Stephen Yeargin

A Nashville, Tenn. resident writing mostly about politics, news media, technology and hockey.

The car door shut quickly as I tried to avoid holding up the oncoming traffic. It was dark, and it stood to reason that while the person careening my direction saw me, the car behind him might not have made the stop. Stepping up on to the sidewalk, a wind gust roared overhead. I squinted to make out the other people along the street and to protect my eyes from blowing leaves and dust.

I started to walk, but not in a hurry. Already later than I meant to be, so no need to rush. Crossing the street, another gust shook the stop sign and swayed the trees to block out the street lamp momentarily. It then returned to calm, echoing down the corridor as it made its way.

The crowd ahead grew larger, with shadows appearing out of alleys and from between cars. I wandered along, catching parts of conversations as I passed. A dog rushed to the fence, not making a sound once she got there. The glow from the house illuminated the sidewalk, and the lumbering silhouettes pivoted to reveal among faces. I crossed over to the path to the entryway.
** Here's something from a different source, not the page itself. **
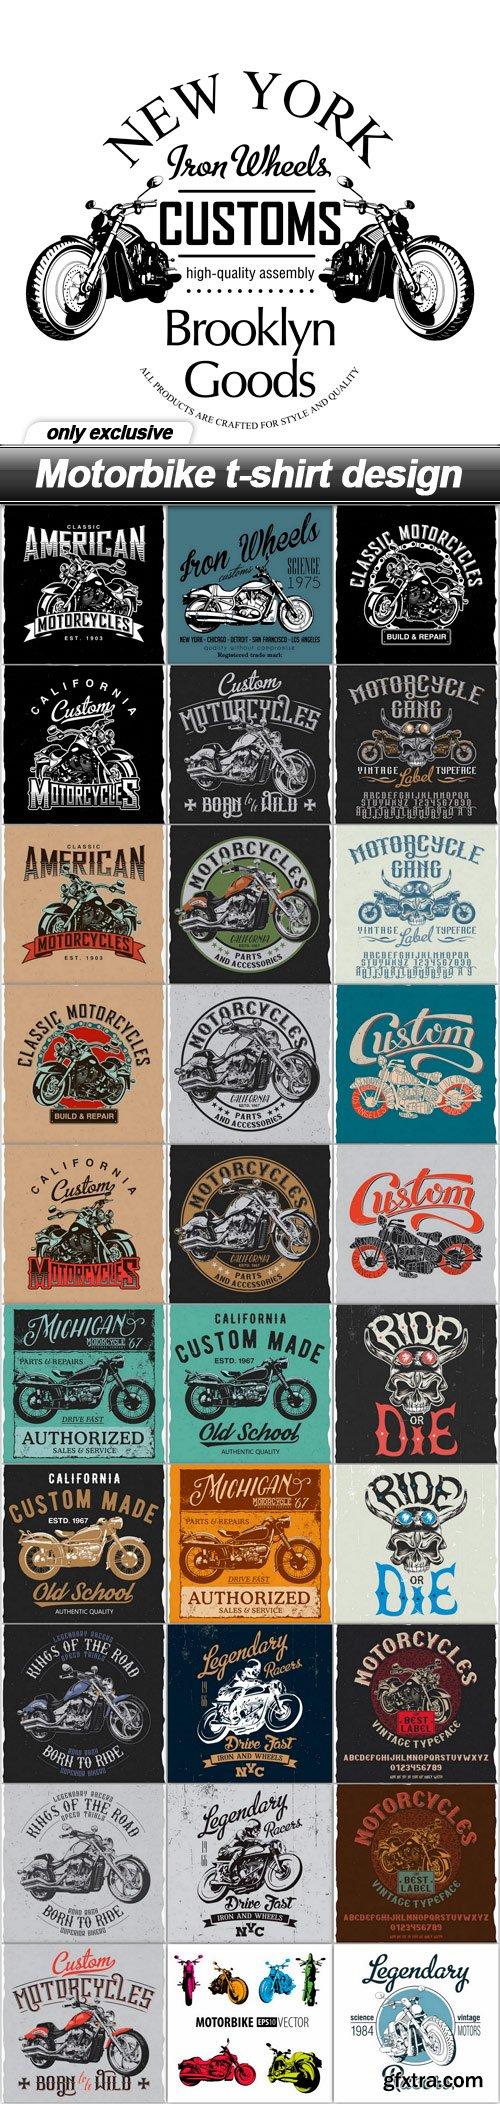 Motorbike t-shirt design - 31 EPS

The same conversation was on repeat and shuffle. I again stepped out to feel the strong wind press against me as if though it was shoving in hopes of provocation.

A bell rang out six times; a solemn voice in the din of laughter and conversation. It was muffled only by the wind. I turned again to look at the illuminated faces that became invisible simply by them looking away from the light.

As I returned to my car, the wind subsided leaving an eery silence. I turned on the radio, looked over the skyline and began a return trek home.